_Provided material_:
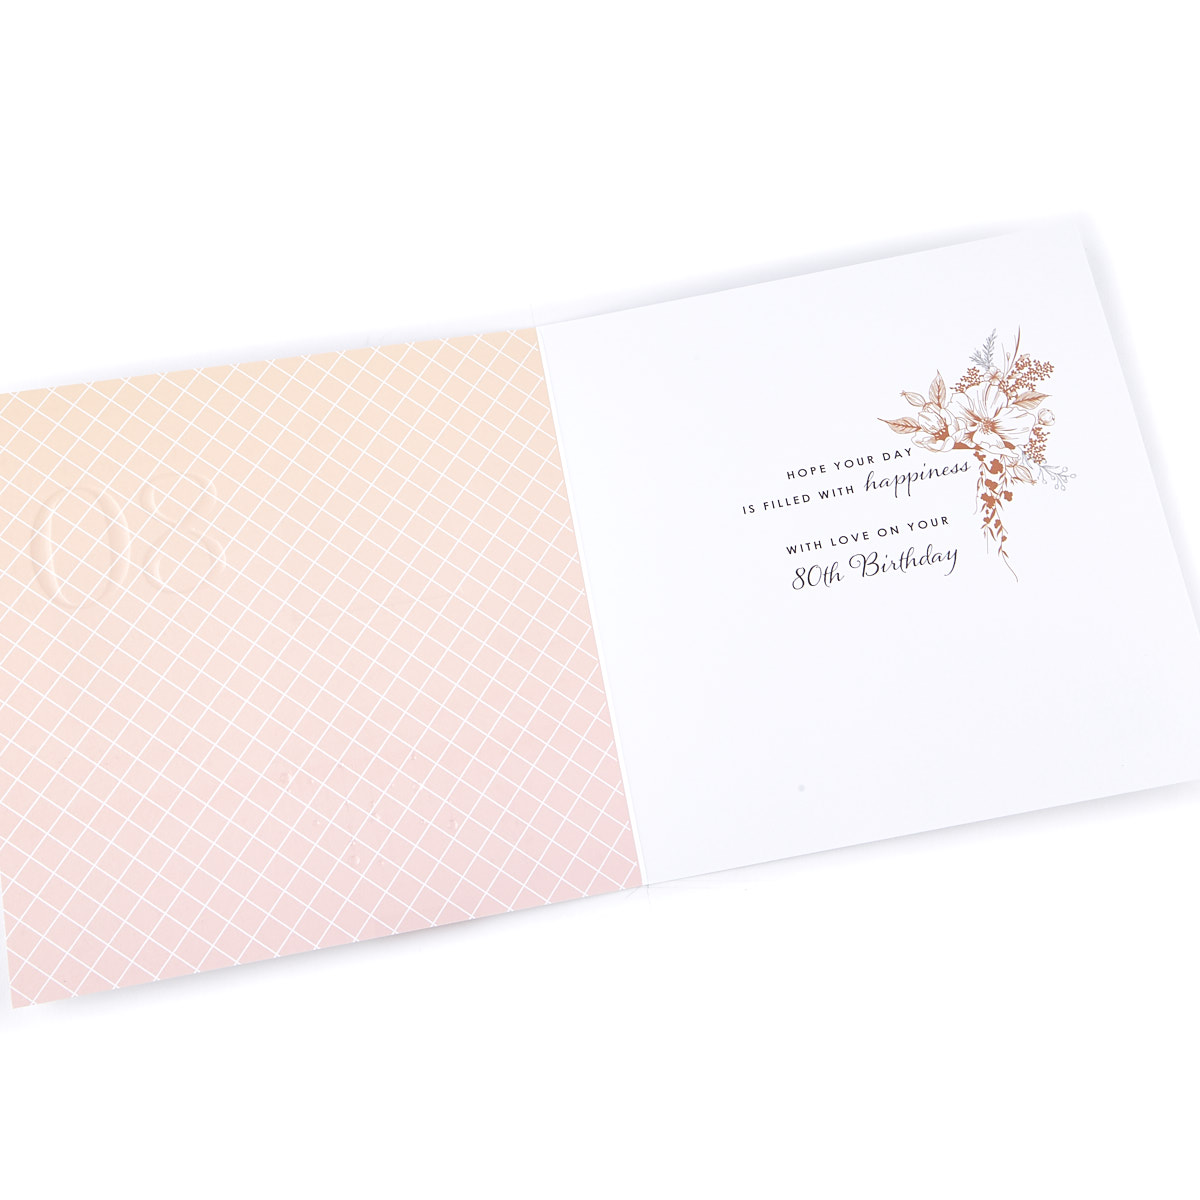 Platinum Collection 80th Birthday Card - Rose Gold Cake 
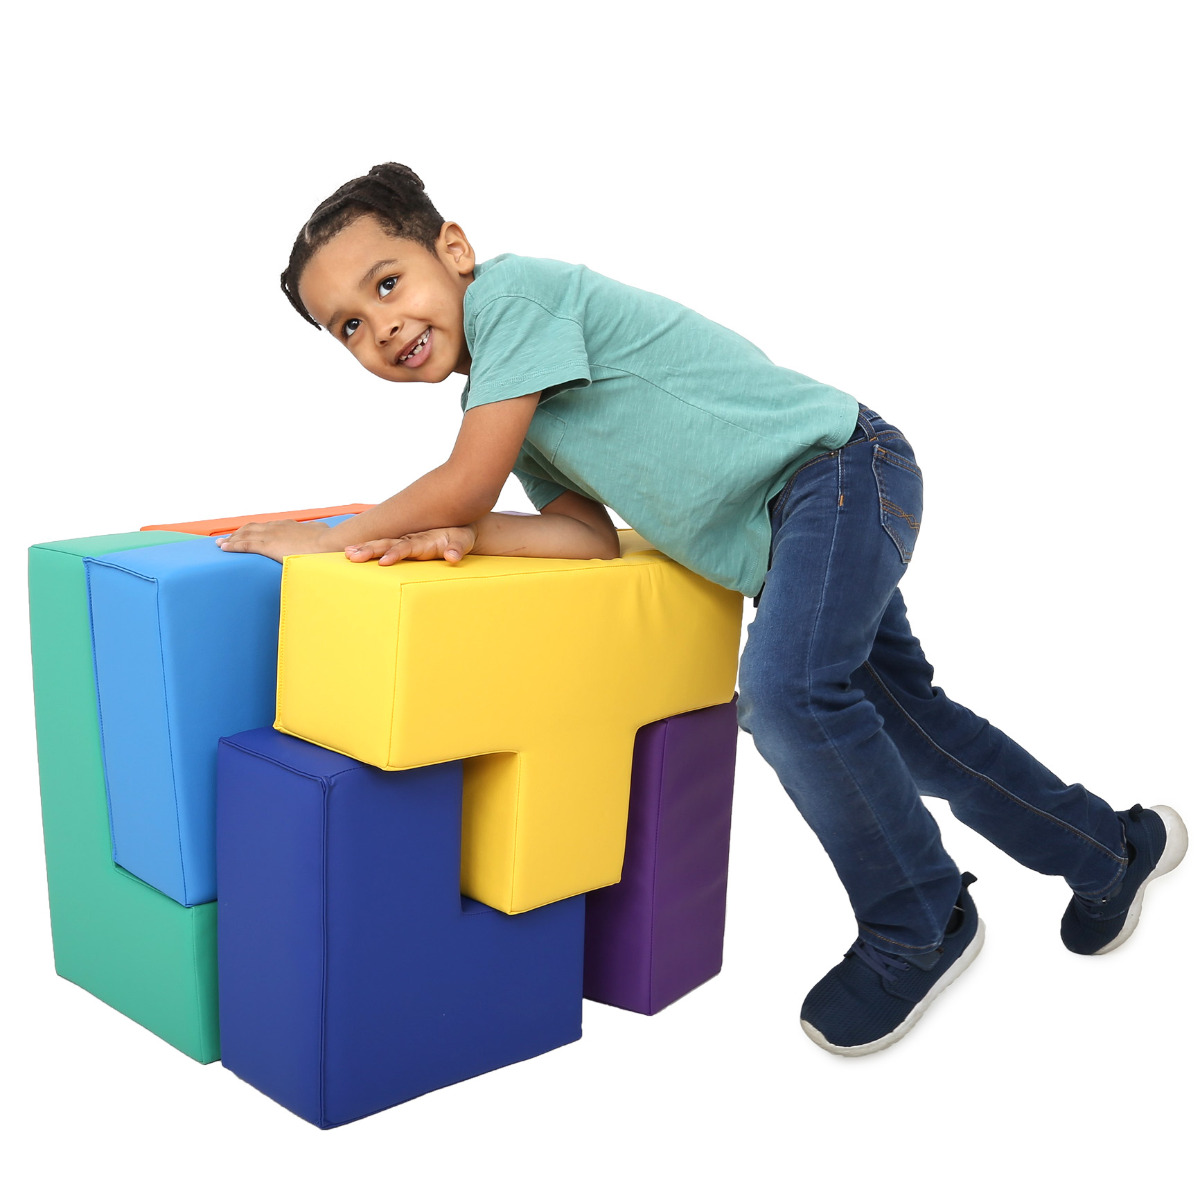 June_24_-_The_Value_of_Practicing_Occupational_Therapy_Skills_at_Home_puzzle_cube
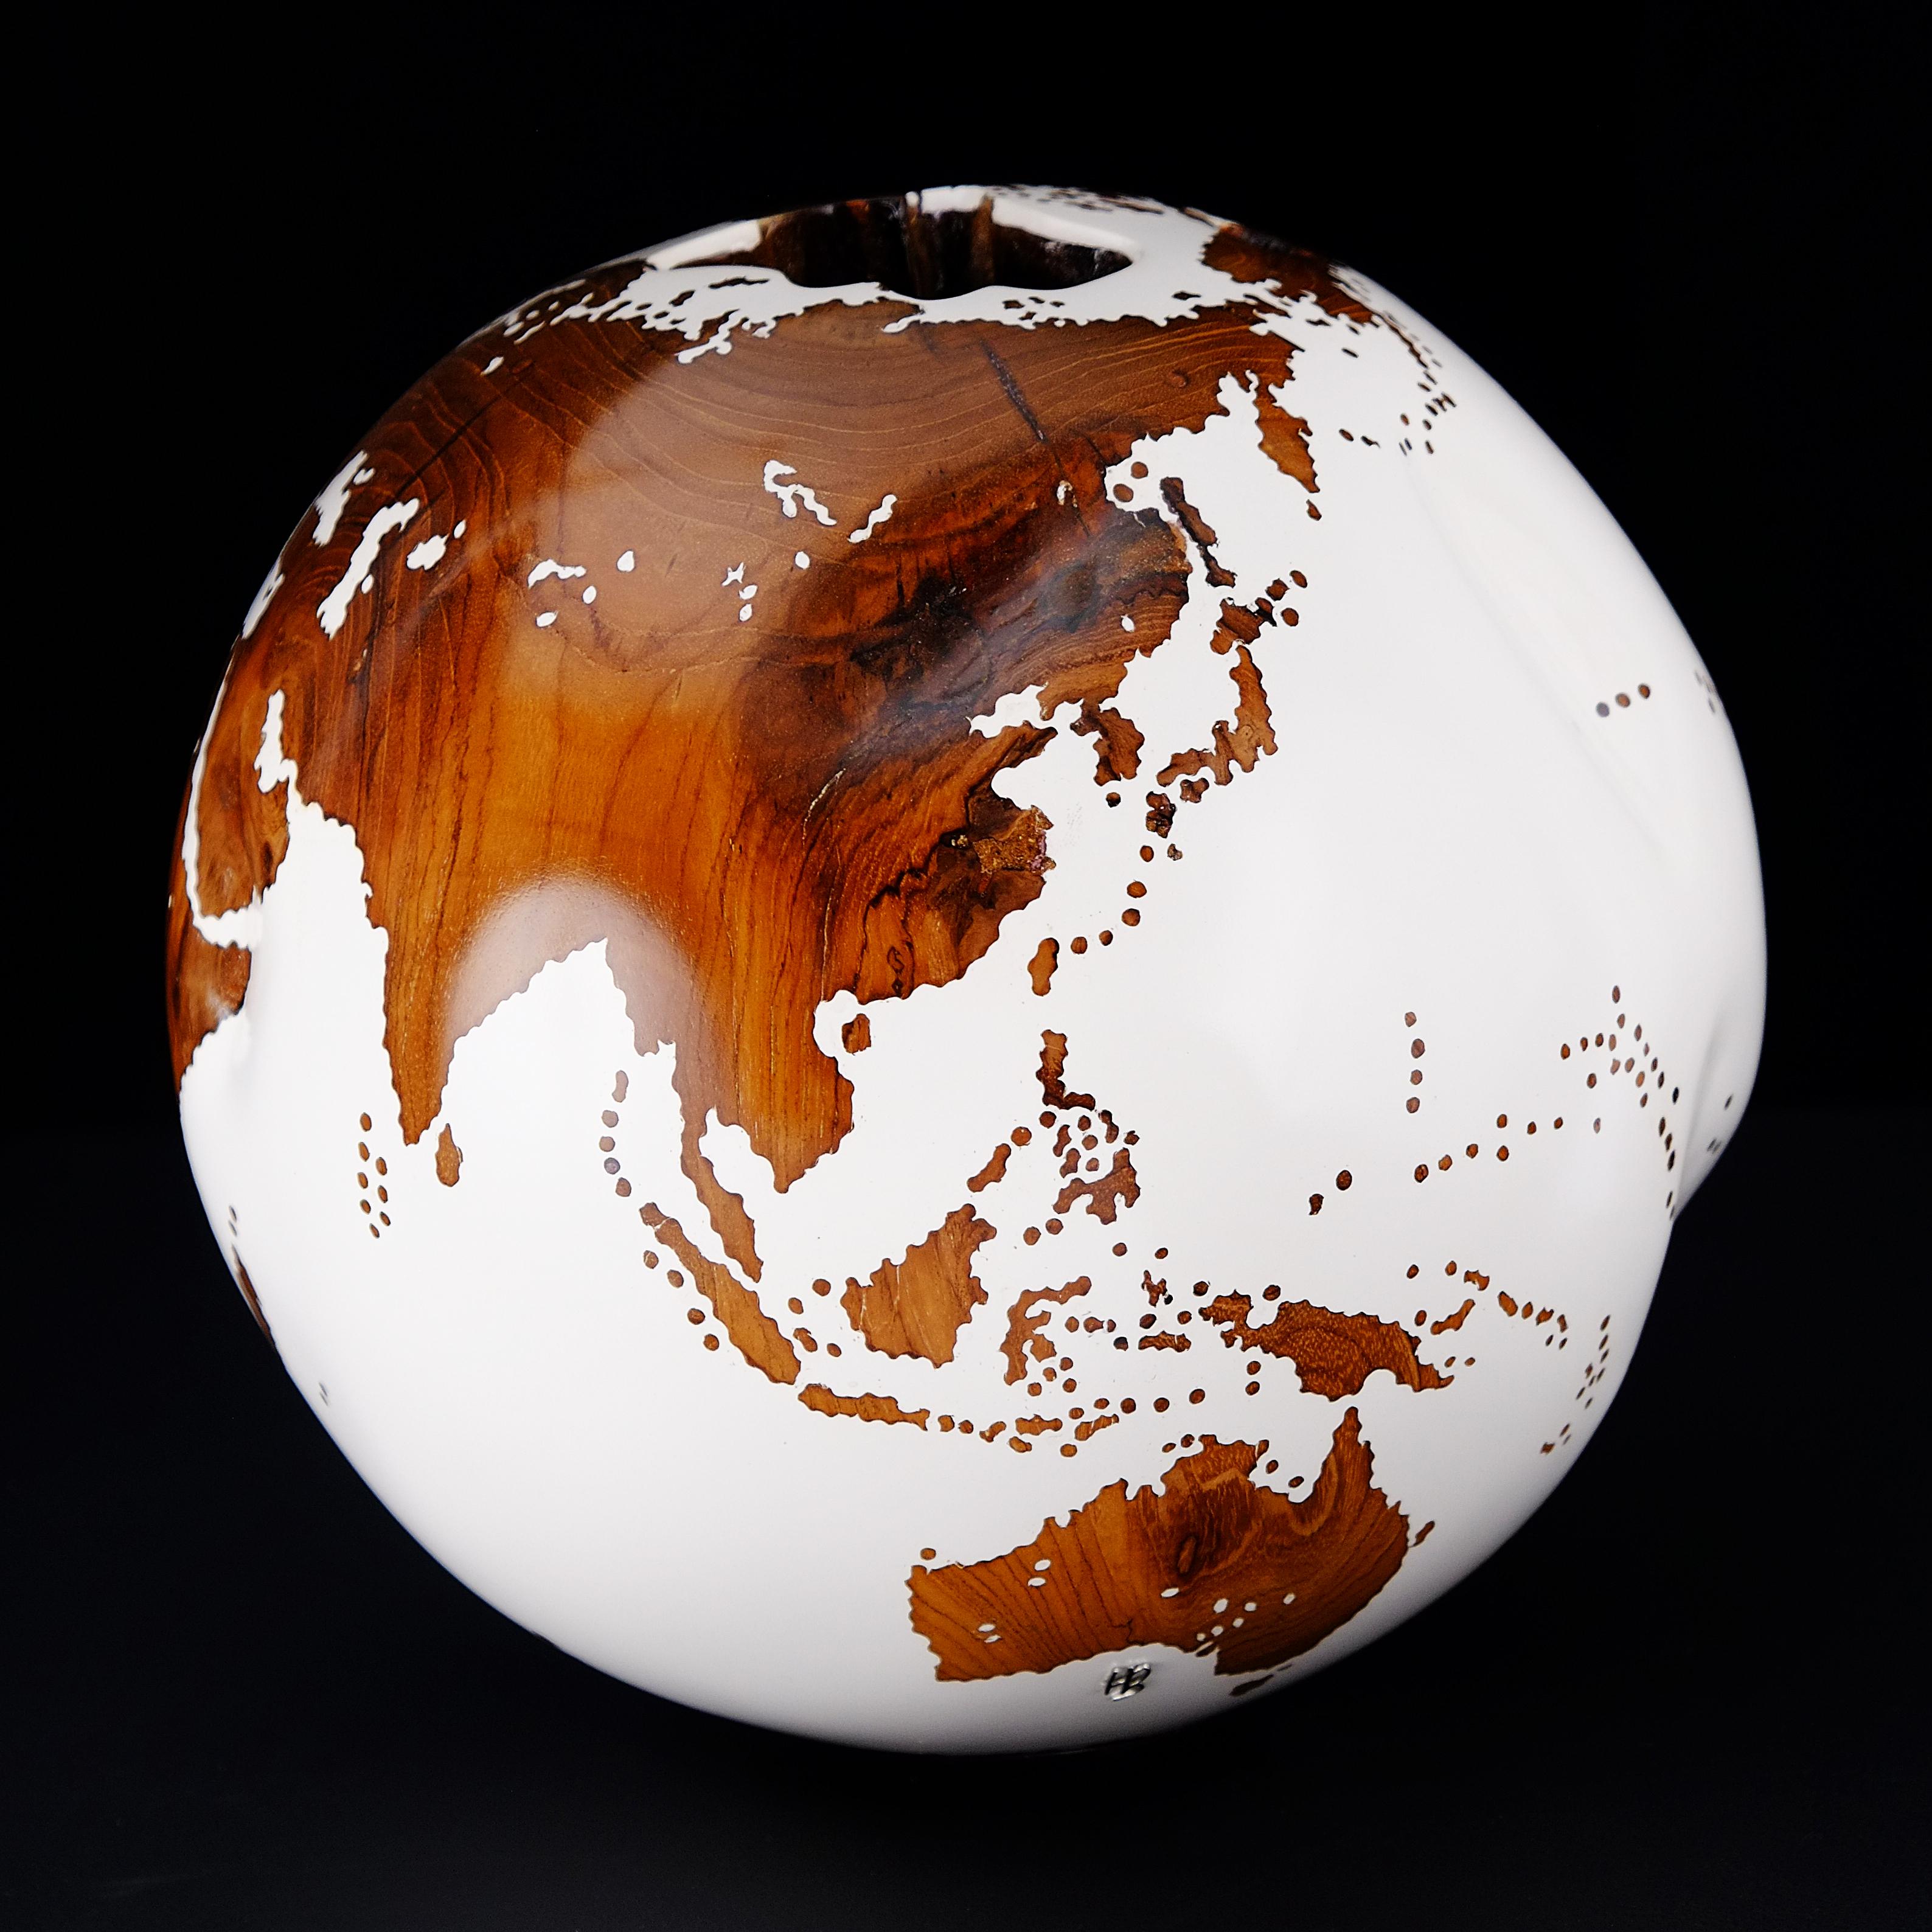 Teakwood and white make this beautiful turning globe a real stunning sculpture.
Made from a whole piece of wood the way the sculpture is shaped is defined by how the tree grew.
Sitting on a turning base the sculpture can spin silently around, so

_Work order_: Copy out every line of the data above, taking care to leave the pictures out.

_Response for this exercise_:
 Platinum Collection 80th Birthday Card - Rose Gold Cake 
 June_24_-_The_Value_of_Practicing_Occupational_Therapy_Skills_at_Home_puzzle_cube
 Teakwood and white make this beautiful turning globe a real stunning sculpture.
Made from a whole piece of wood the way the sculpture is shaped is defined by how the tree grew.
Sitting on a turning base the sculpture can spin silently around, so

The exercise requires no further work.